The role of the SCR-582 in the HECP was both management of harbor traffic and to identify any hostile vessels/aircraft approaching the harbor. The SCR-582 was not accurate enough to control the fire of the harbor gun batteries but it was accurate enough to assign targets to specific batteries. Each of the large caliber gun batteries (6-inch and greater) defending the harbor was to be equipped with a SCR-296A radar capable of tracking and controlling the fire against a single target. Having no general search capability and little ability to discriminate between targets, the SCR-296A transmitter was not to be even turned on until a target had been spotted and assigned or a limited search area had been defined.

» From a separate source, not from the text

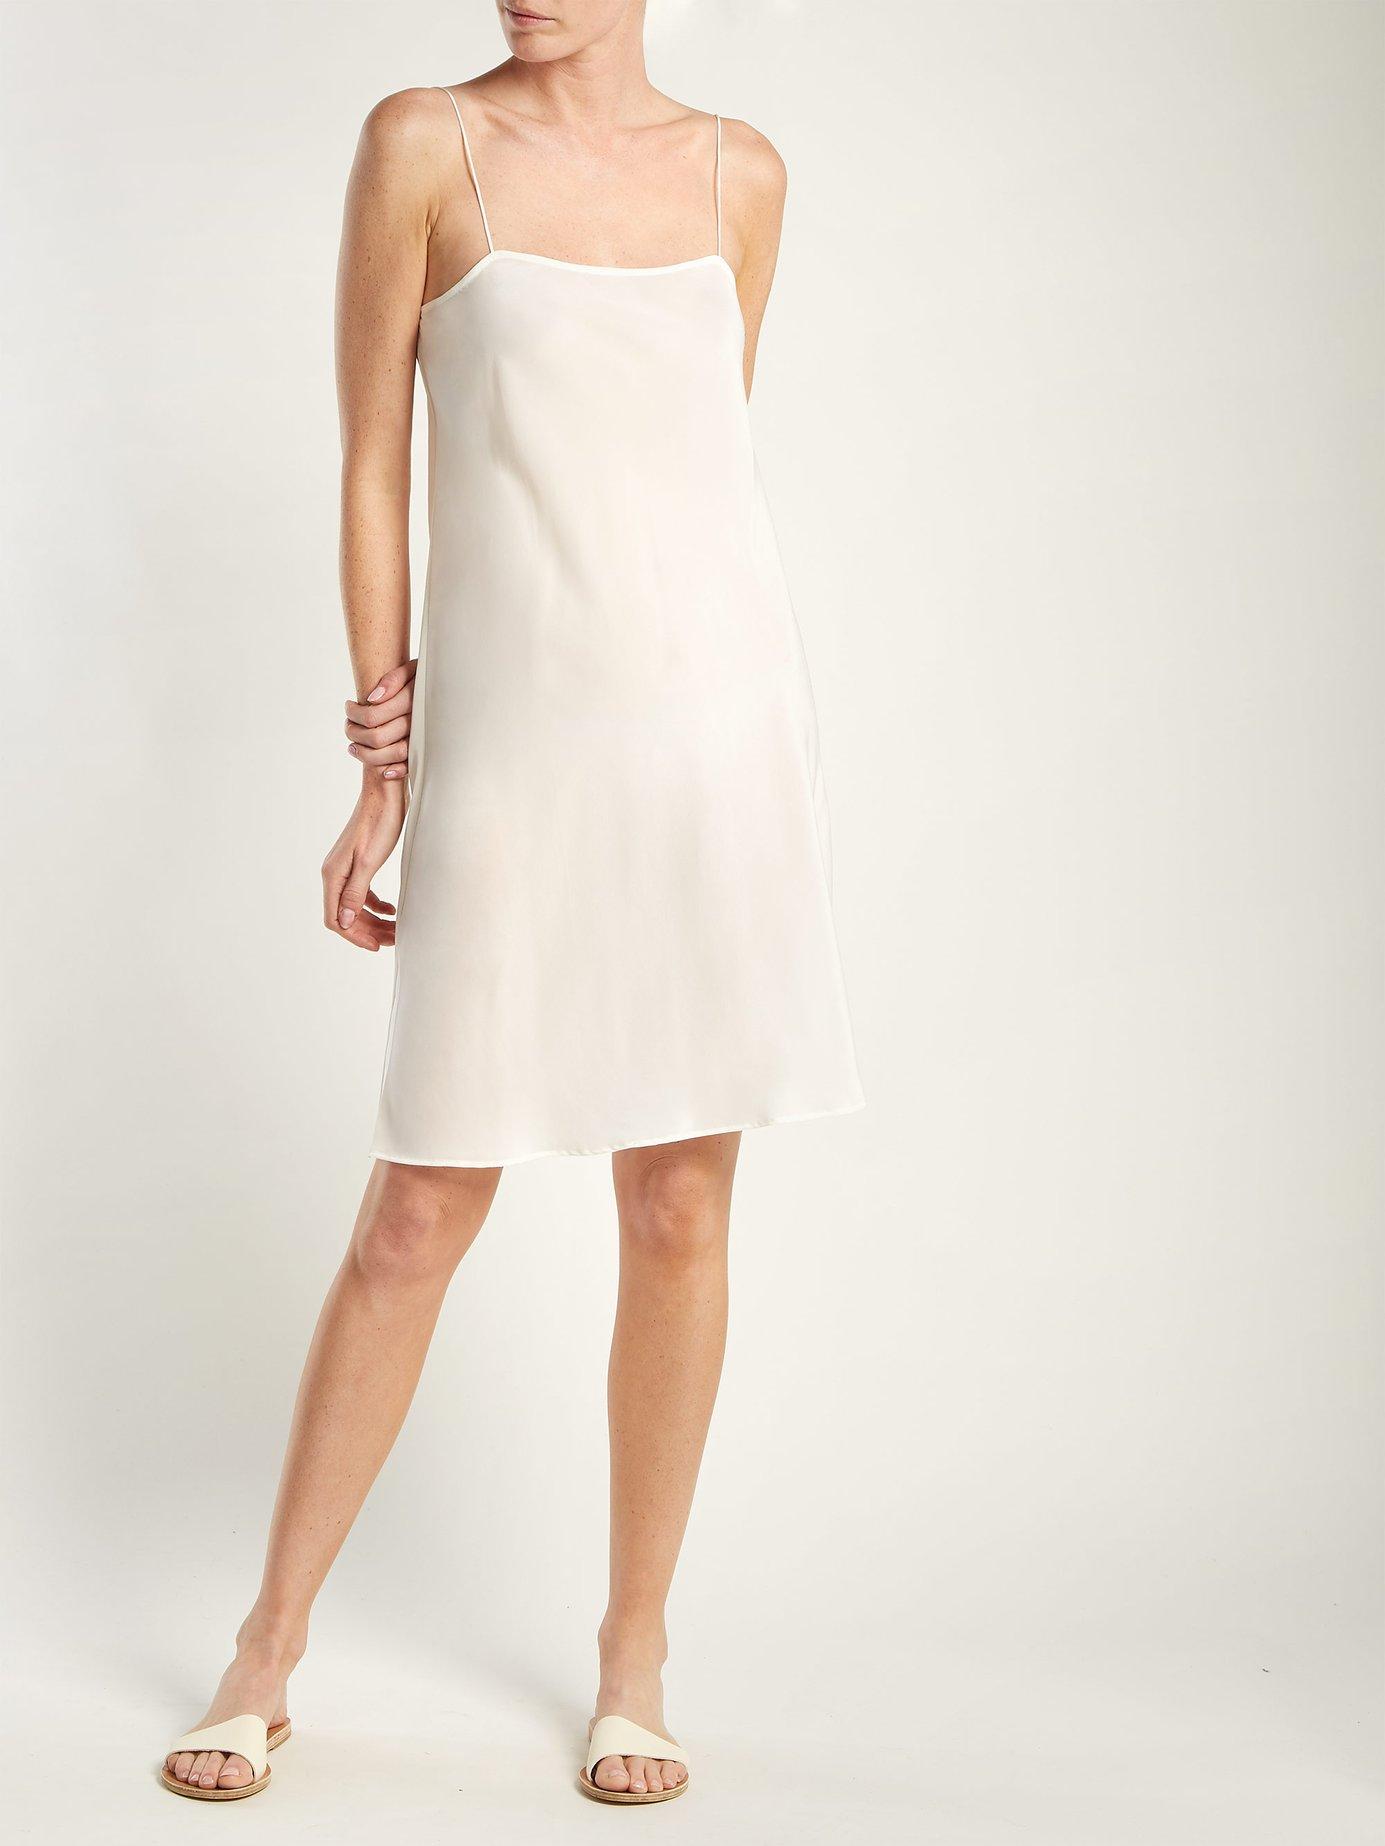 Bias-cut silk slip dress by Loup Charmant

All of the early radar equipment supplemented the existing system of shoreline based optical spotting and base end stations. The SCR-582 could provide large surface target detection at a maximum range of 90,000 yards (44 nmi) even in dense fog. This was far beyond the range of either the shore batteries or enemy ships and it followed that the enemy could be identified and engaged at this distance with aircraft or ships.
A major limitation of the SCR-582 was that it had no antenna tilt adjustment and could not detect aircraft at higher altitudes because of this. The set also suffered from a spare parts problem.
Some of the limitations of the SCR-582 were addressed very quickly with the introduction of the mobile version SCR-682A. Designed as a mobile radar set carried in three 2 1/2 ton, 6 X 6, LWB cargo trucks or two 2 1/2 ton, 6 X 6, LWB cargo trucks, and two 1 ton trailers. Erection time was 3 to 5 hours by a trained crew of five. The initial application was envisioned as mobile fire control for 155mm seacoast battalions and 8-inch railway battalions but it was quickly adapted for fixed locations and placed in HECPs.
The mobile version included a mechanical adjustment for the antenna tilt angle to allow for detection of aircraft at greater altitudes at the expense of surface craft detection. A 5X upgrade of transmitter power extended the range and increased target detection capability. The result was a maximum range of 240,000 yards (118 nmi) and an effective range against surface targets of 35,000 yards (17 nmi). The range accuracy also improved as did the PPI display with more useful display ranges.
Identification Friend or Foe (IFF)
Allied aircraft and ships were equipped with predominantly British MK III IFF transponders and the SCR-582 was integrated with the RC-182 IFF Interrogator. When an RC-182 interrogated the aircraft/ship transponder the transponder replied with a synchronized pulse that altered the PPI display on the SCR-582 indicating which tracks on the display were friendly. The SCR-682 used the RC-282 IFF set.